Le politiche europee in materia di asilo e immigrazione

Alcuni dati significativi A livello mondiale, nel 2015, circa 34mila persone al giorno sono state costrette a fuggire dalle loro case per l’acuirsi di conflitti e situazioni di crisi, ovvero una media di 24 persone al minuto: Si sono così contati, nel 2015, oltre 65 milioni migranti forzati nel mondo, di cui 21,3 milioni di rifugiati, 40,8 milioni di sfollati interni e 3,2 milioni di richiedenti asilo

In Europa, nel 2015, sono state presentate 1. 393 In Europa, nel 2015, sono state presentate 1.393.350 domande di protezione internazionale: un valore più che raddoppiato rispetto all’anno precedente. La Germania, con 476.620 domande presentate (pari al 36% delle istanze in UE) si conferma il primo paese per richieste di protezione internazionale, seguita da Ungheria, Svezia, Austria e Italia.

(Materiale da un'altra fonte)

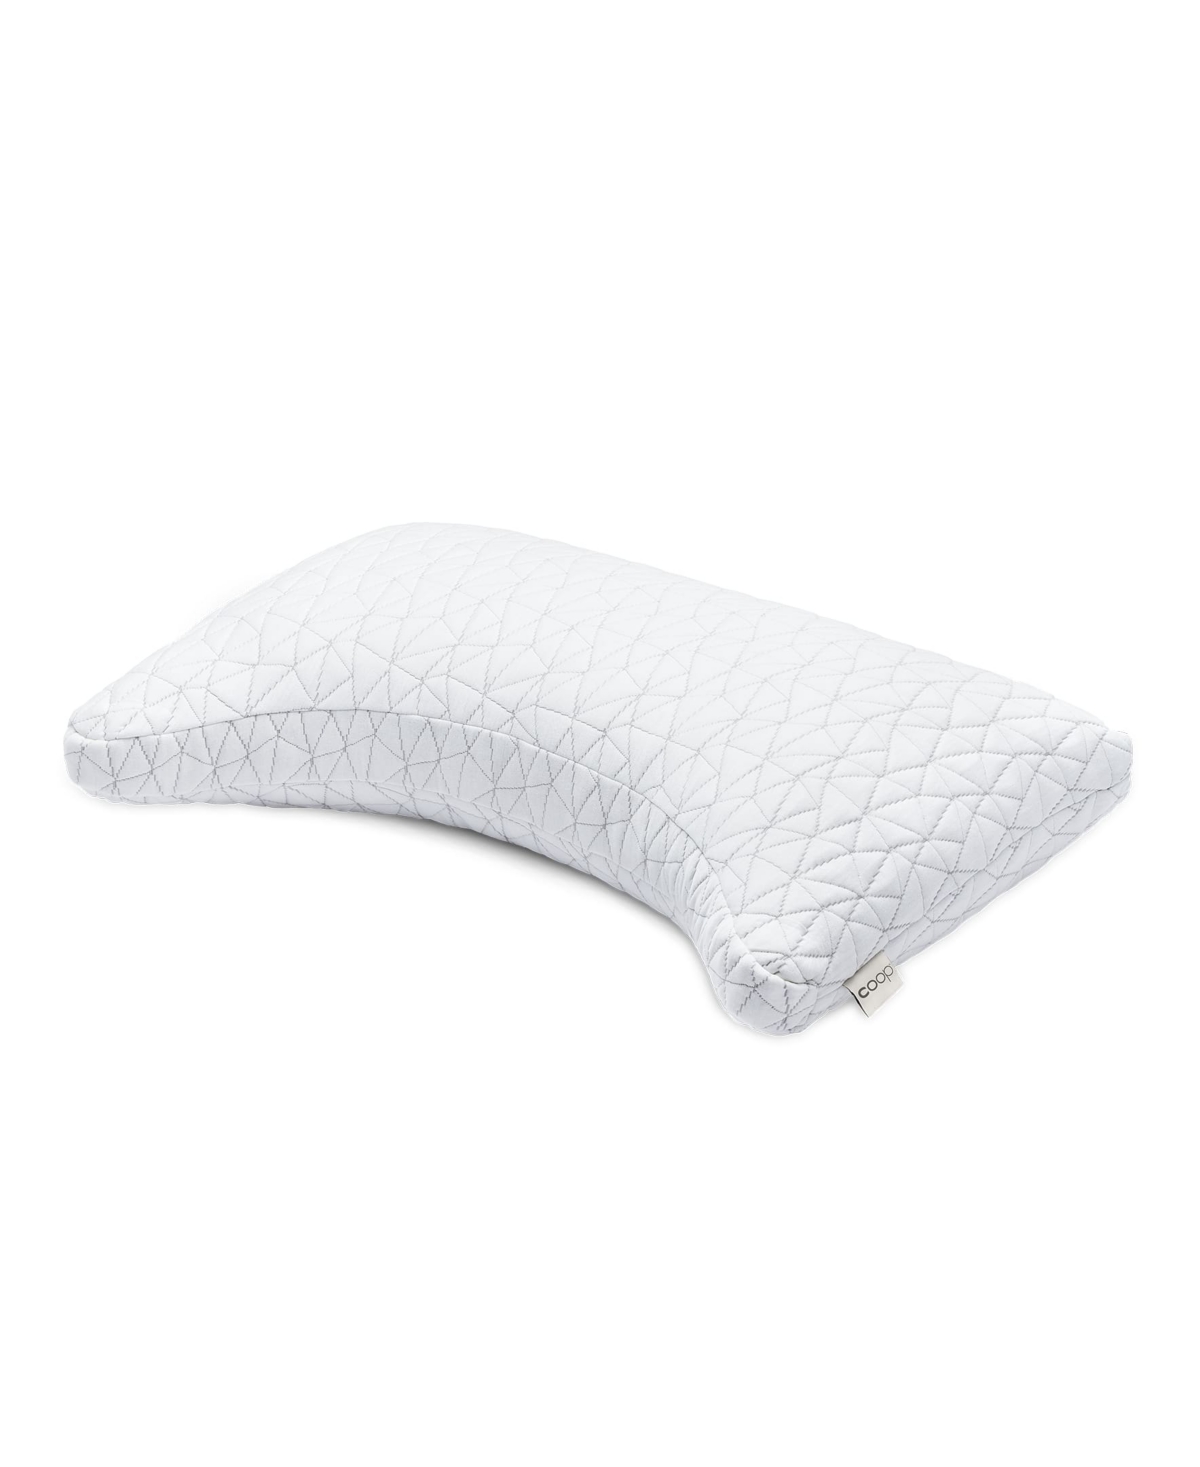 Shop Coop Sleep Goods The Original Crescent Adjustable Memory Foam Pillow, Queen In White

Il tema delle migrazioni e dell’asilo deve essere affrontato a livello europeo

Tutto ebbe inizio con il trattato di Schengen

l’idea di uno spazio di libera circolazione di merci e persone inizia il 14 giugno 1985 con gli accordi Schengen cui seguì il 19 giugno 1990 l’adozione della Convenzione Schengen ove si definirono le condizioni e le garanzie inerenti lo spazio di libera circolazione, questa Convenzione entrò in vigore nel 1995. Nel 2005 fu istituita l’agenzia europea Frontex per il pattugliamento e il controllo delle frontiere esterne dell’Unione mentre nel 2006 Parlamento europeo e Consiglio hanno adottato il c.d. Codice delle frontiere Schengen.

La creazione di uno spazio di libertà, sicurezza e giustizia come fondamento della politica europea i materia di asilo e immigrazione La base giuridica: Art. 3, par. 2 TUE: «L'Unione offre ai suoi cittadini uno spazio di libertà, sicurezza e giustizia senza frontiere interne, che garantisce la libera circolazione delle persone, insieme a misure appropriate in materia di controllo delle frontiere esterne, d'asilo, d'immigrazione, oltre alla prevenzione della criminalità e la lotta contro questo fenomeno».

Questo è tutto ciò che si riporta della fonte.